PROBLEM TO SOLVE ▸ Below is a listing to write out in full, exactly as given, without its pictures.

COLLECTED MATERIAL ▸

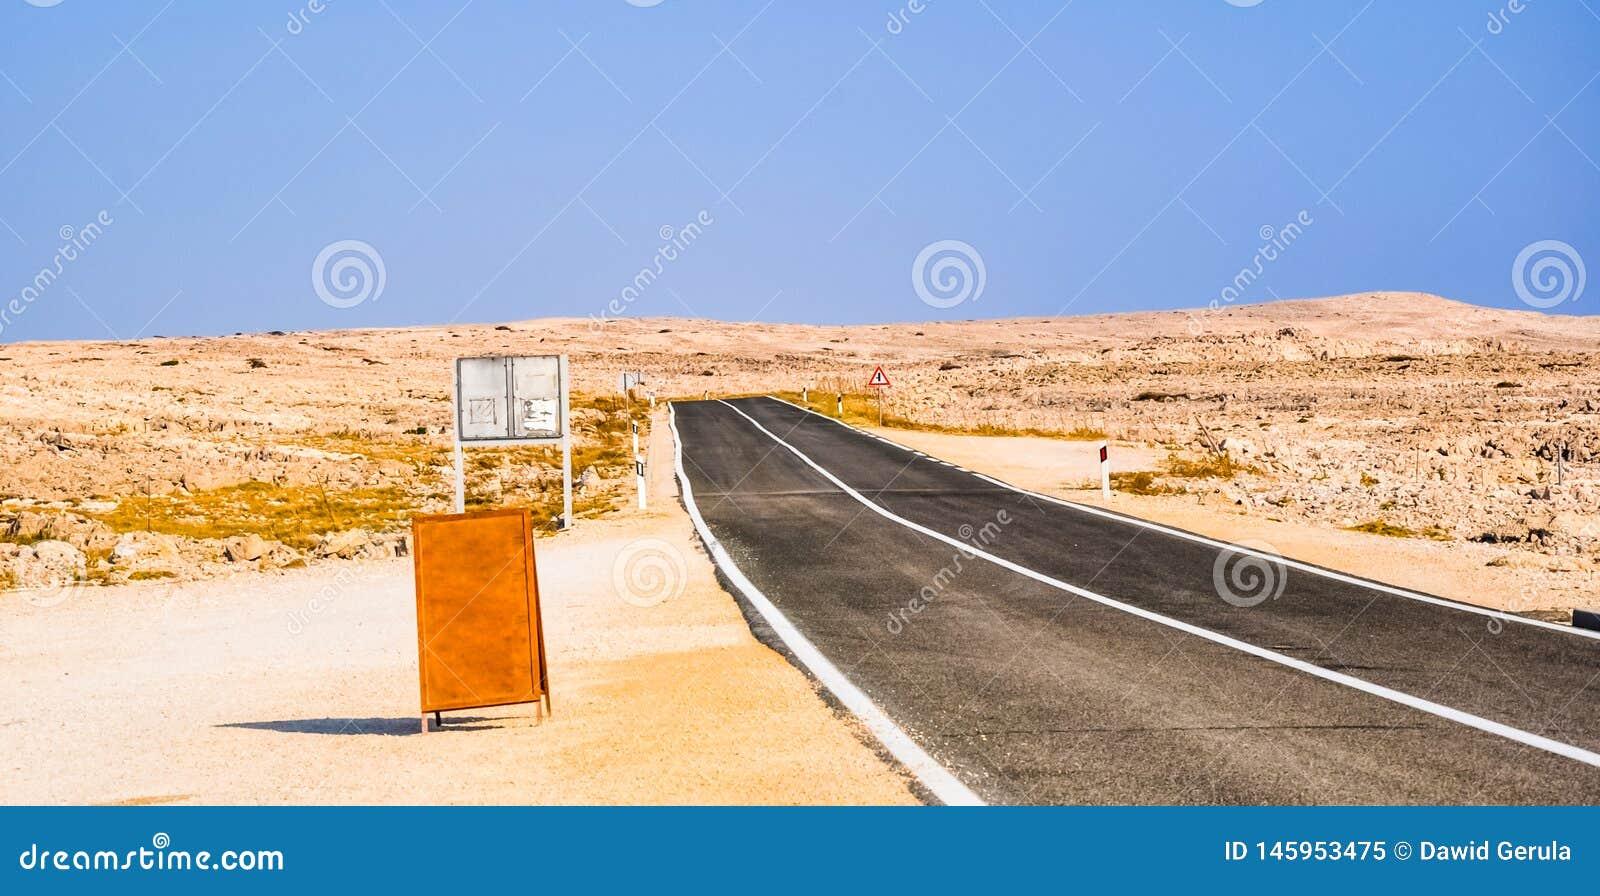 Lege weg door de woestijn Houten leeg teken op de linkerkant van de foto
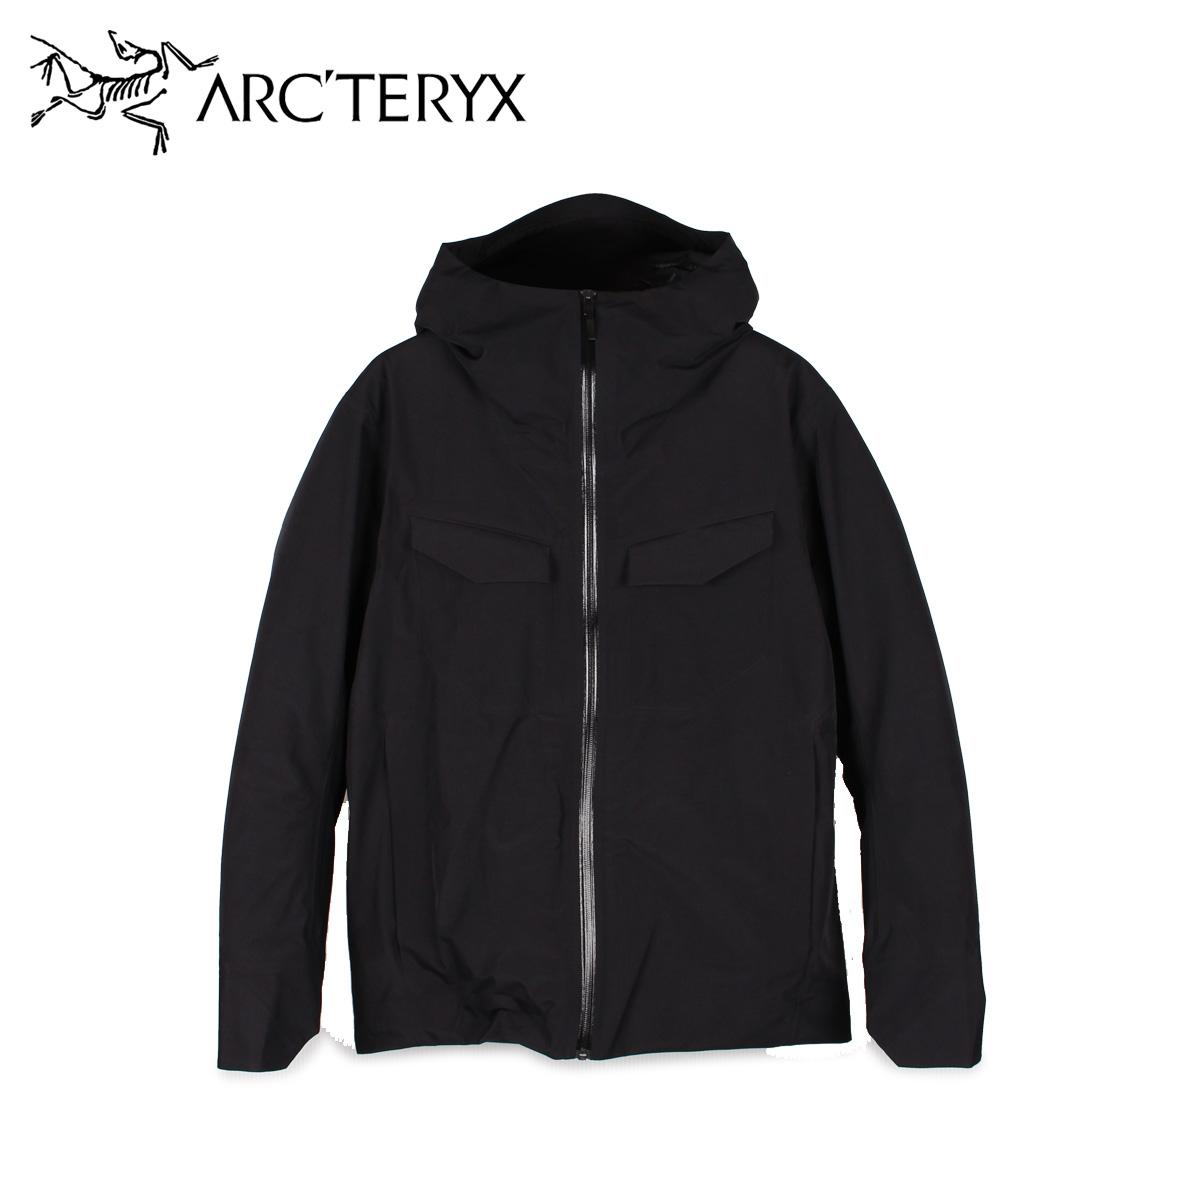 【最大2000円OFFクーポン】 ARCTERYX アークテリクス ジャケット ダウンジャケット メンズ NODE DOWN JACKET ブラック 黒 24230
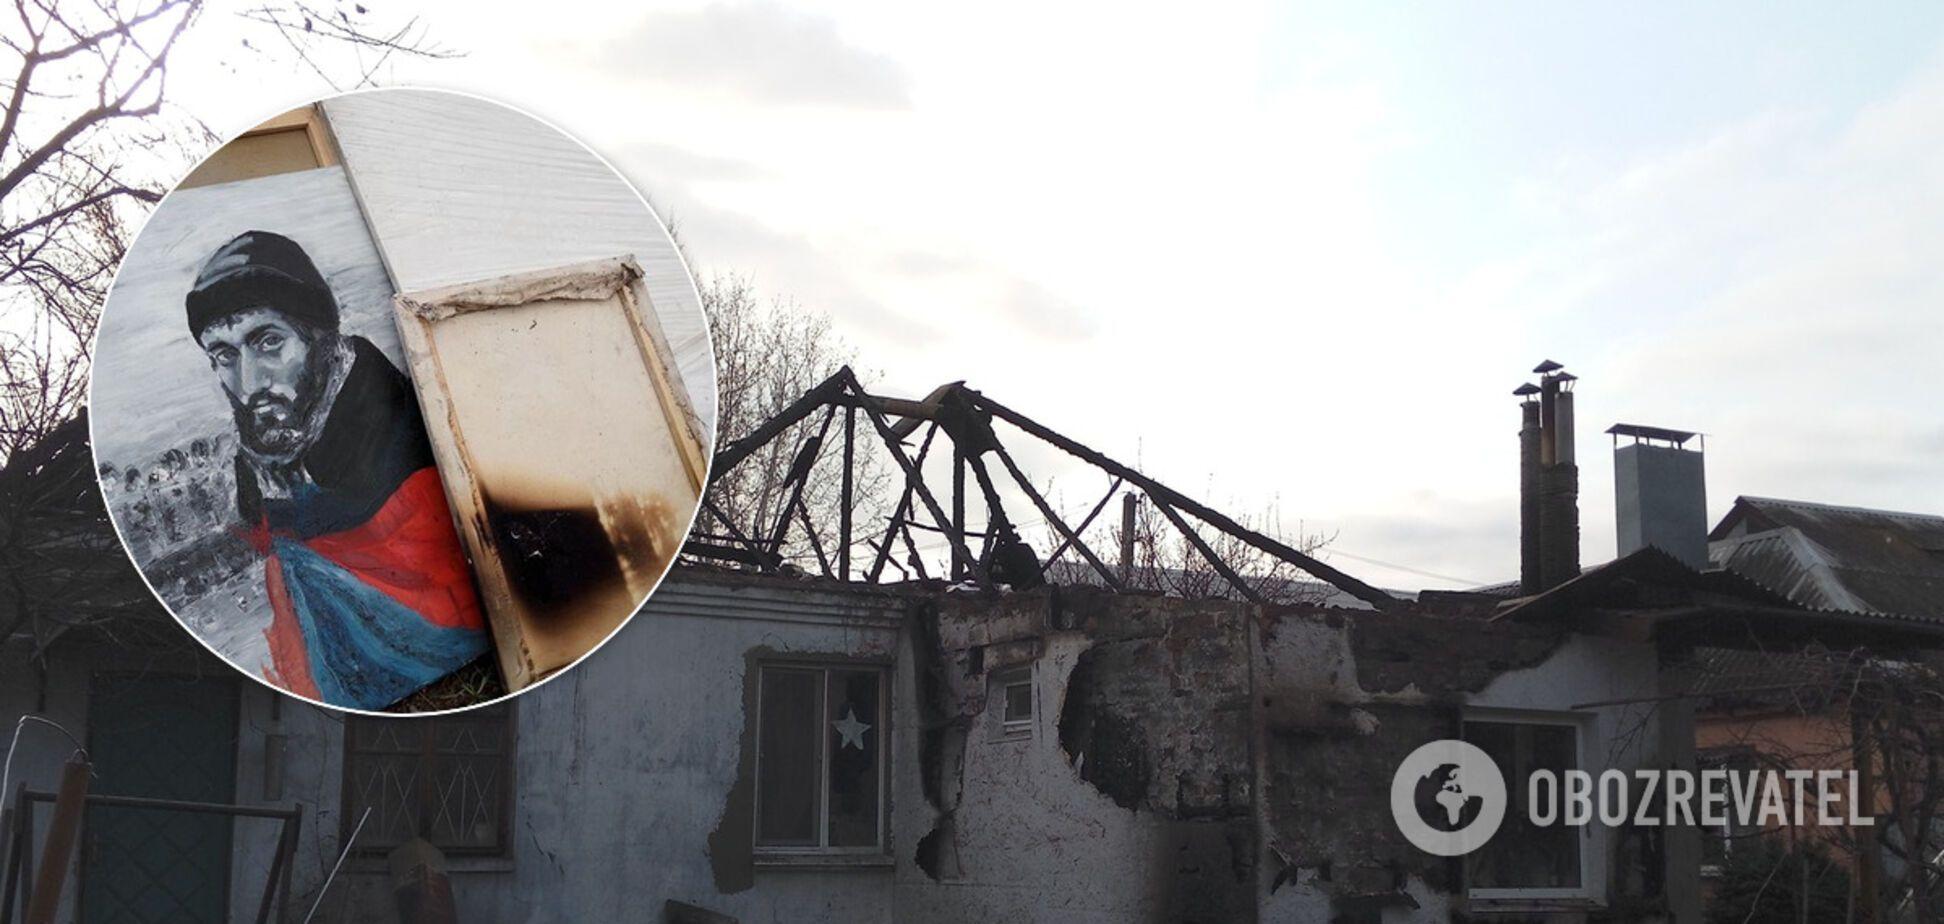 У Пианиста Майдана сгорел дом: фото и реквизиты для помощи
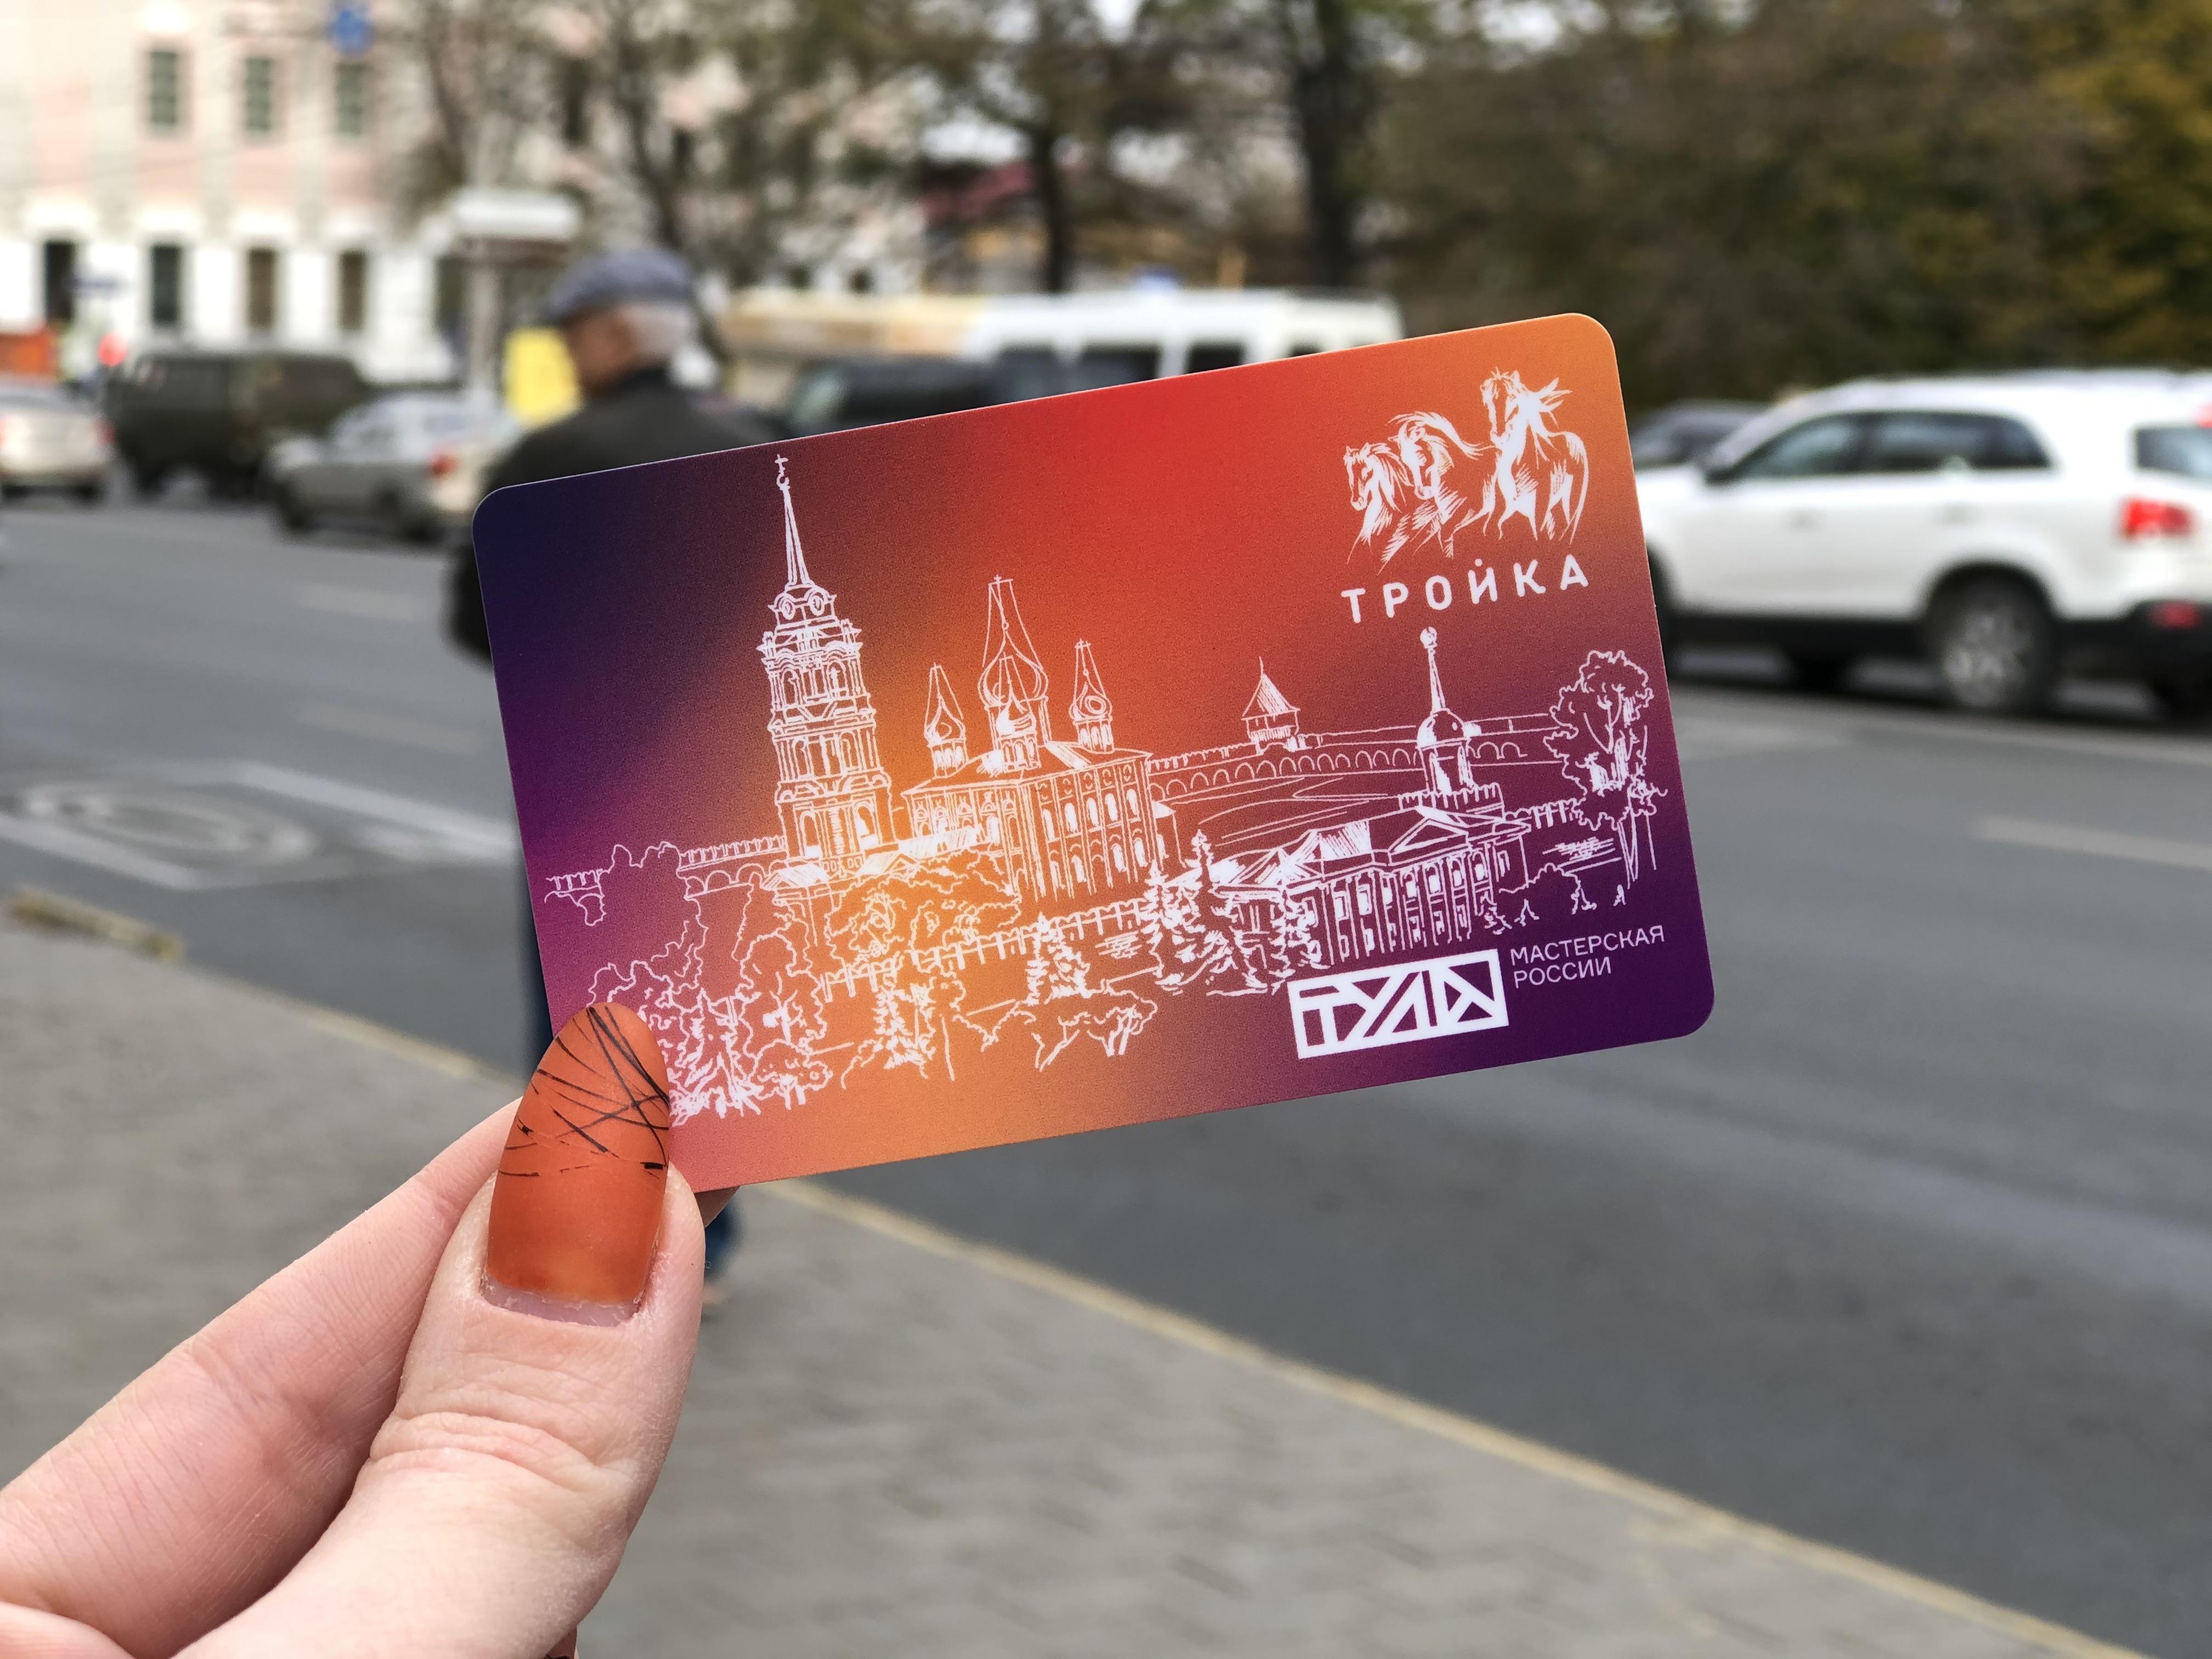 Проезд на автобусах со скидкой: где в Новомосковске можно купить карту «Тройка»?

SOLUTION TO THIS PROBLEM ▸
 Lege weg door de woestijn Houten leeg teken op de linkerkant van de foto
 【最大2000円OFFクーポン】 ARCTERYX アークテリクス ジャケット ダウンジャケット メンズ NODE DOWN JACKET ブラック 黒 24230
 У Пианиста Майдана сгорел дом: фото и реквизиты для помощи
 Проезд на автобусах со скидкой: где в Новомосковске можно купить карту «Тройка»?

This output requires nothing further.